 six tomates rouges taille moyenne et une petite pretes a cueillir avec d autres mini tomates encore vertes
################
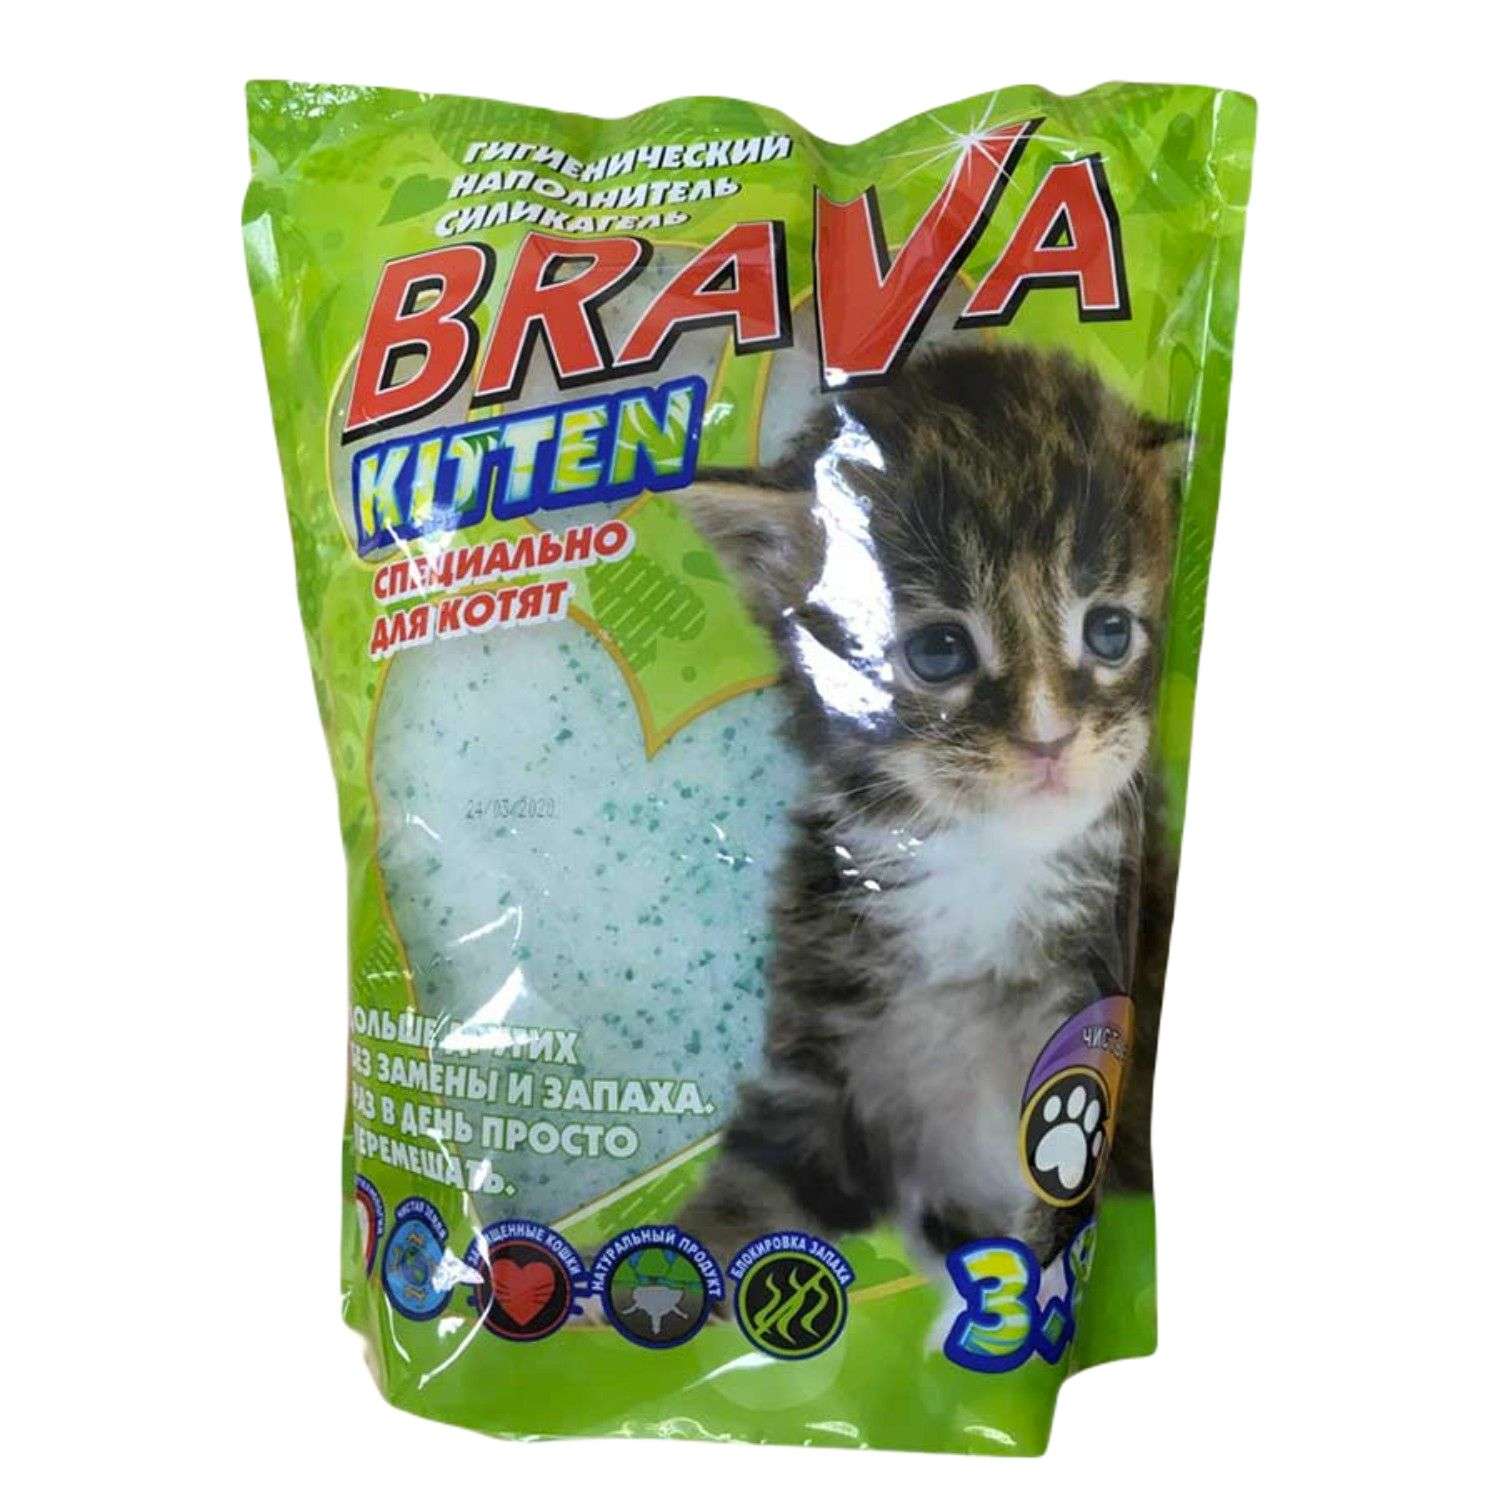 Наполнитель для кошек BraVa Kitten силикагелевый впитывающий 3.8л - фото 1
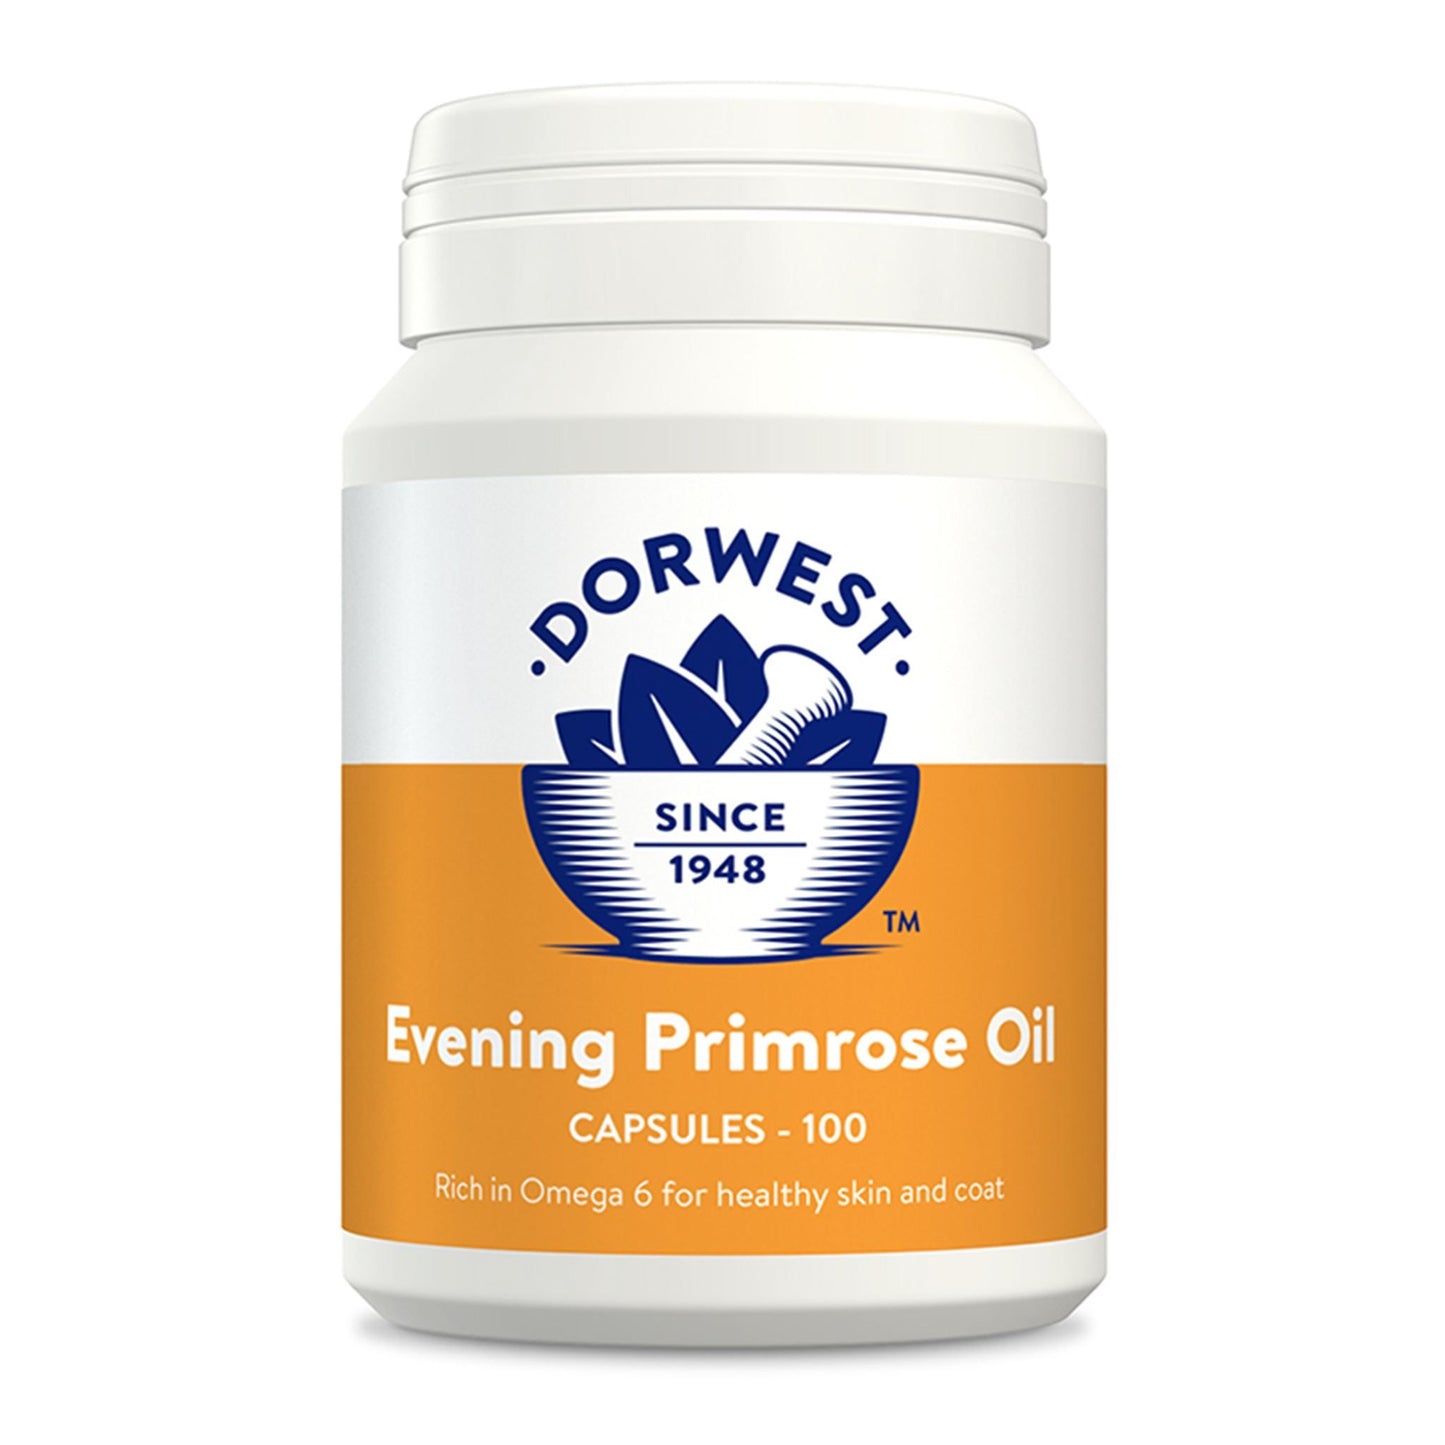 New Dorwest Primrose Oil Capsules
################
## What to do
From the material above, output only the span of lines that starts at the one containing "Наполнитель для кошек" and finishes at the one containing "New Dorwest Primrose Oil Capsules", word for word and free of pictures.

## Response area
 Наполнитель для кошек BraVa Kitten силикагелевый впитывающий 3.8л - фото 1
 New Dorwest Primrose Oil Capsules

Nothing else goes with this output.